Source: Comparison based on standard algorithm characteristics and use cases

How to Choose a Regression Algorithm: Dataset Size, Complexity, and Accuracy

With so many regression algorithms available, how do you choose? Here's a practical decision framework based on your data characteristics and requirements:

Start Simple with Linear Regression: Always begin with basic linear regression. It's fast, interpretable, and often works surprisingly well. If R-squared is > 0.7 and residuals look random, you might be done. This baseline also helps you understand feature importance.
Check for Non-Linearity: Plot predictions vs actual values. If you see clear curved patterns in residuals, try polynomial regression (for simple curves) or random forests (for complex patterns). Don't use linear methods when relationships are obviously non-linear.
Address Overfitting if Present: If training error is much lower than test error, you're overfitting. Try ridge regression (keeps all features), lasso (eliminates features), or elastic net (best of both). Random forests also reduce overfitting through averaging.
Consider Dataset Size: Small dataset (< 1,000 examples)? Stick with linear methods or small random forests. Medium (1,000-100,000)? Any method works. Large (> 100,000)? Consider random forests or neural networks for maximum accuracy.
Evaluate Feature Count: Many features (> 50)? Use ridge, lasso, or elastic net to handle high dimensionality. Need to know which features matter? Use lasso for automatic selection. Very high dimensions (> 1,000 features)? Dimensionality reduction first.
Balance Interpretability vs Accuracy: Need to explain predictions to stakeholders? Use linear, ridge, lasso, or decision trees. Interpretability not critical? Random forests or neural networks typically achieve higher accuracy.
Test Multiple Approaches: Try 2-3 promising methods on your data using cross-validation. Compare R-squared, RMSE, and MAE. The best algorithm depends on your specific dataset - empirical testing beats theoretical assumptions.

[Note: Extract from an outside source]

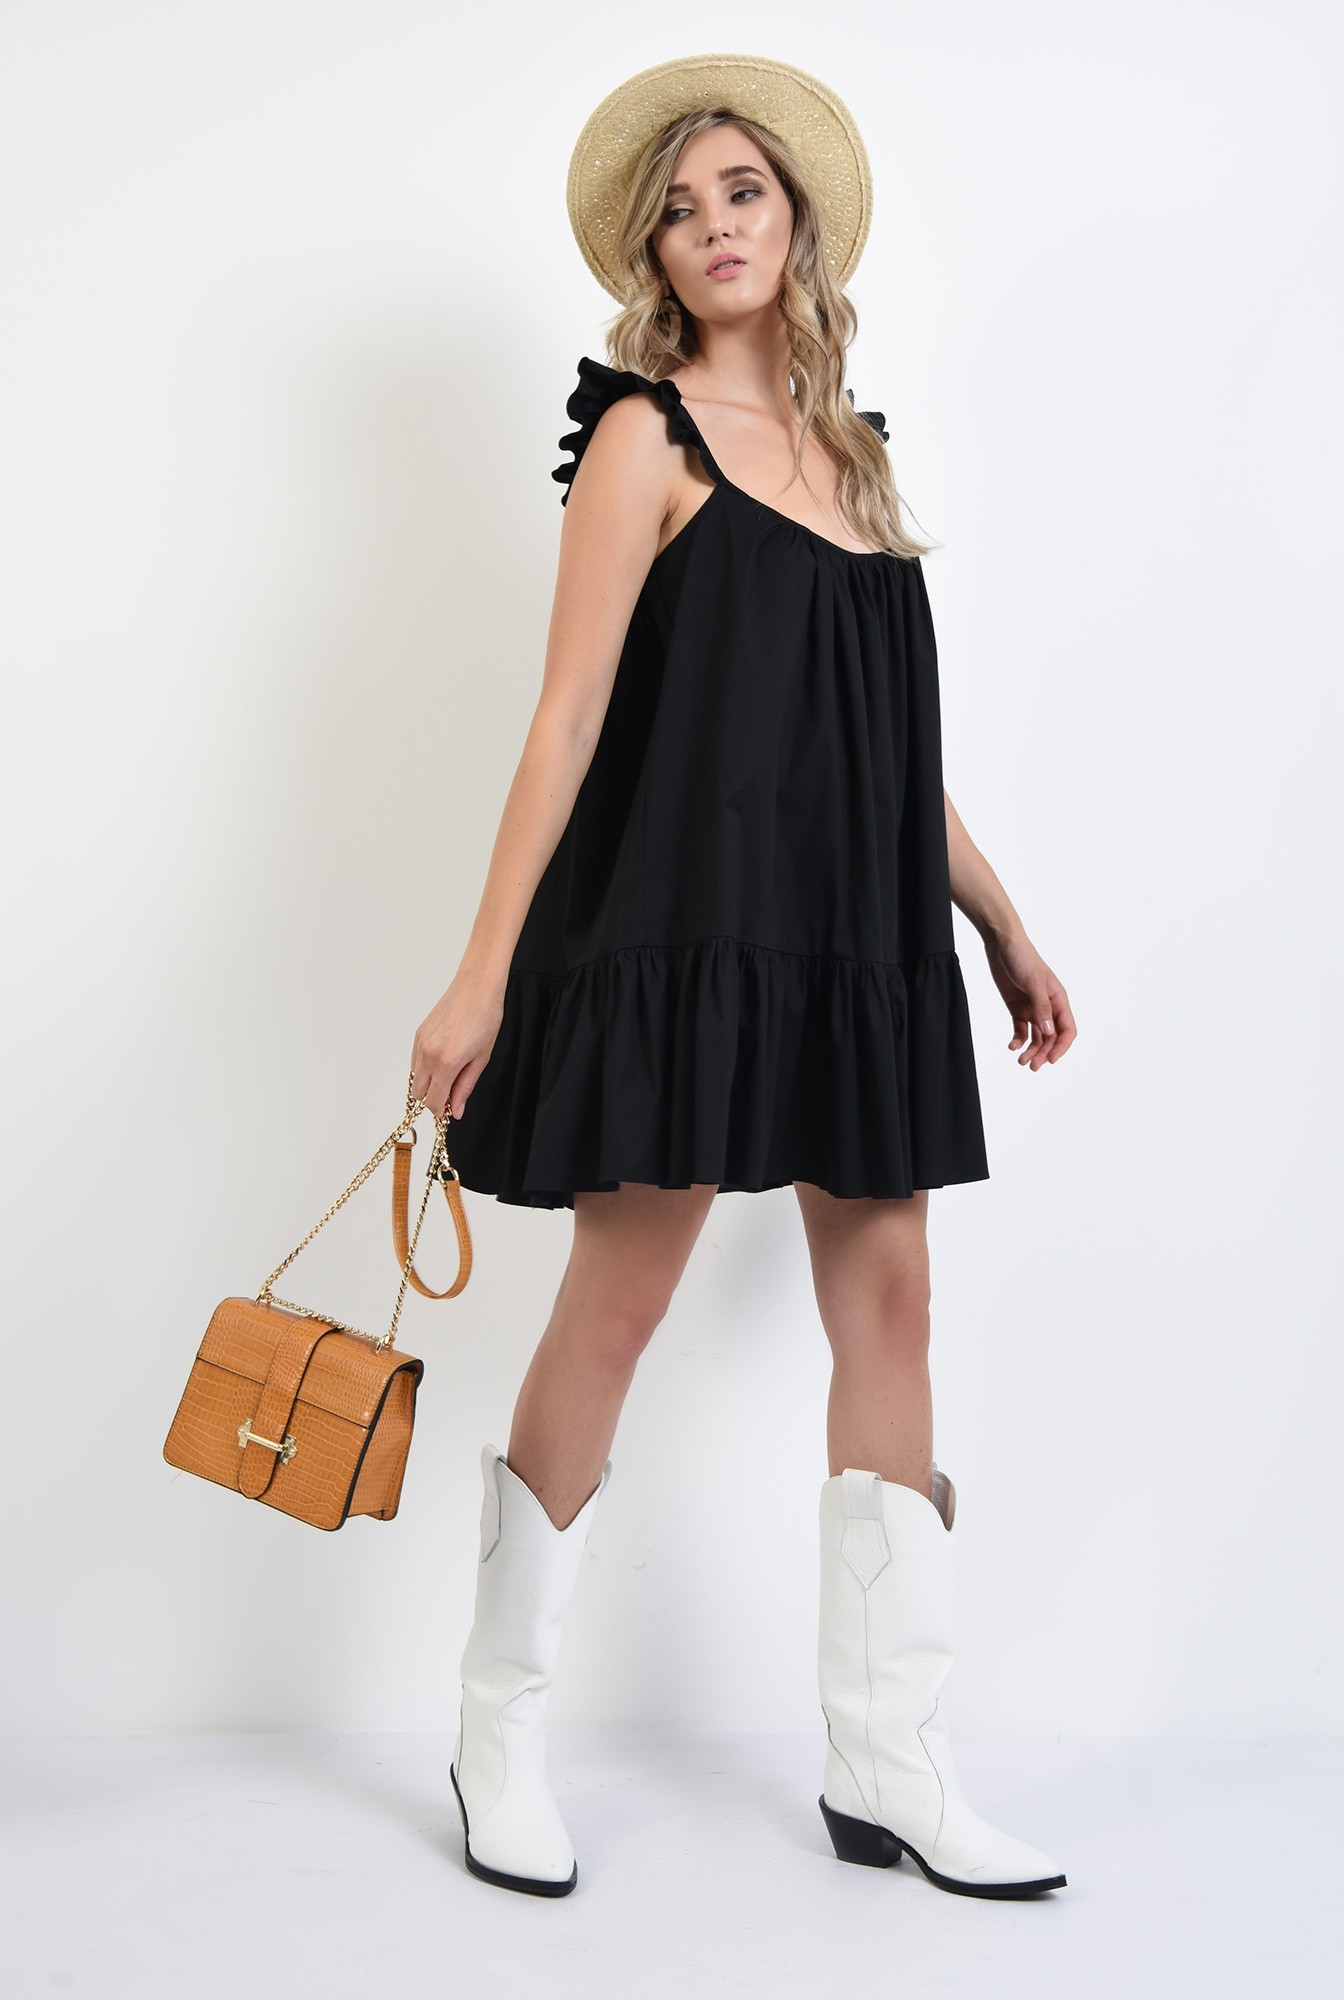 3 - rochie neagra, mini, evazata, cu volan la baza, cu bretele, bumbac

The Bias-Variance Tradeoff

Simple models (linear regression) have high bias (underfitting risk) but low variance (consistent predictions). Complex models (neural networks) have low bias but high variance (overfitting risk). The sweet spot depends on your data complexity and size. Start simple, then increase complexity only when simpler models fail.

Real-World Regression Applications: Finance, Healthcare, and Engineering

Regression powers critical predictions across industries. Understanding where and how it's used helps you recognize opportunities to apply these techniques in your own work.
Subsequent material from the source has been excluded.